As Mr. Randall passed us, Rectus sung out to him, and asked him where we
were now.

"Off Hatteras," said he, quite shortly.

I didn't think Rectus should have bothered Mr. Randall with questions
when he was so busy; but after he went into the captain's room, the men
did not seem to have much to do, and I asked one of them how deep it
was.

"About seventeen fathoms," said he.

"Can we see Cape Hatteras?" I said, trying to get a good look landward
as the vessel rolled over that way.

"No," said the man. "We could see the light just before day-break, but
the weather's gettin' thick now, and we're keepin' out."

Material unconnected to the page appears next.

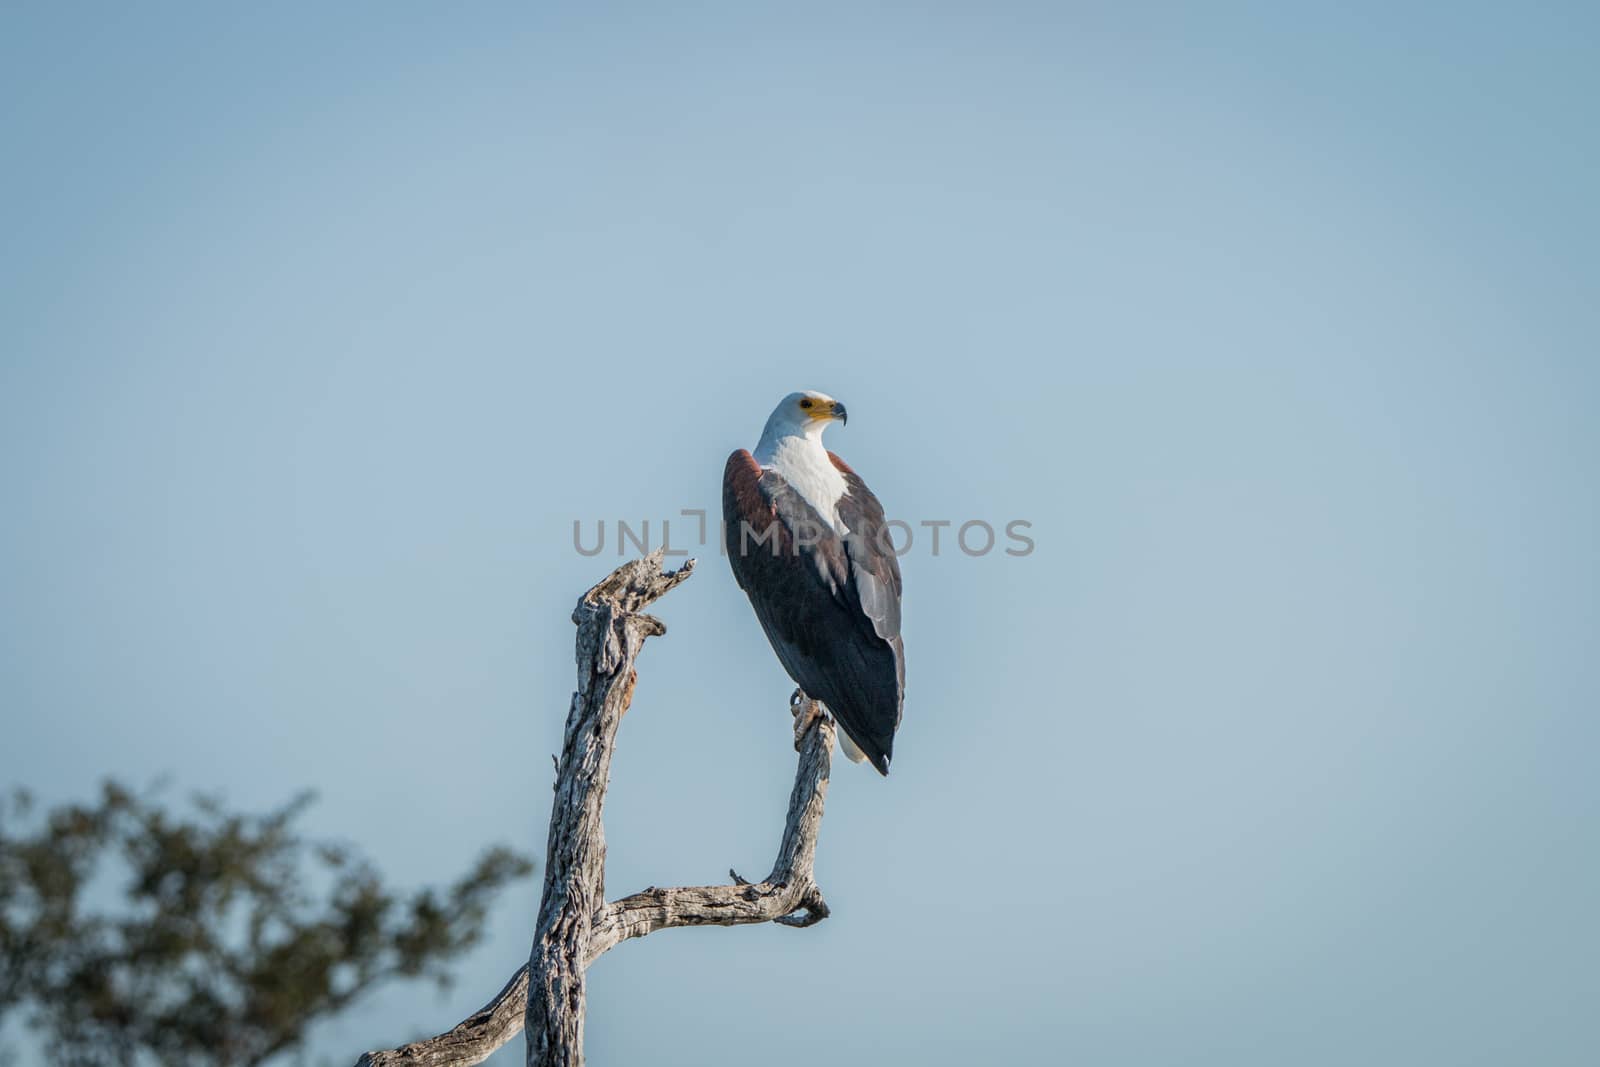 African fish eagle on a branch in the Kruger National Park, South Africa.

It was pretty thick to the west, that was true. All that I could see in
the distance was a very mixed-up picture of wave-tops and mist. I knew
that Cape Hatteras was one of the most dangerous points on the coast,
and that sailors were always glad when they had safely rounded it, and
so I began to take a good deal of interest in what was going on. There
was a pretty strong wind from the south-east, and we had no sail set at
all. Every now and then the steamer would get herself up on top of a big
wave, and then drop down, sideways, as if she were sliding off the top
of a house. The mate and the captain soon came out on deck together, and
the captain went forward to the pilot-house, while Mr. Randall came over
to his men, and they got ready to throw the lead again. It didn't seem
to me that the line ran out as far as it did the last time, and I think
I heard Mr. Randall say, "Fourteen." At any rate, a man was sent forward
to the pilot-house, and directly we heard the rudder-chains creaking,
and the big iron arms of the rudder, which were on deck, moved over
toward the landward side of the vessel, and I knew by that that the
captain was putting her head out to sea. Mr. Randall took out the tallow
from the lead and laid it in an empty bucket that was lashed to the
deck. He seemed to be more anxious now about the depth of water than
about the kind of bottom we were passing over. The lead was just about
to be thrown again, when Rectus, who had taken the tallow out of the
bucket, which stood near us, and had examined it pretty closely, started
off to speak to Mr. Randall, with the tallow in his hand.

[Illustration: "'HOLD YOUR TONGUE!' ROARED MR. RANDALL."]

"Look here!" said Rectus, holding on to the railing. "I'll tell you what
would be a sight better than tallow for your leads. Just you get some
fine, white Castile-soap, and----"

"Confound you!" roared Mr. Randall, turning savagely on him. "Hold your
tongue! For three cents I'd tie you to this line and drag the bottom
with you!"

Rectus made no answer. He didn't offer him the three cents, but came
away promptly, and put the piece of tallow back in the bucket. He didn't
get any comfort from me.

"Haven't you got any better sense," I said to him, "than to go, with
your nonsense, to the first officer at such a time as this? I never saw
such a boy!"

"But the soap _is_ better than the tallow," said Rectus. "It's finer and
whiter, and would take up the sand better."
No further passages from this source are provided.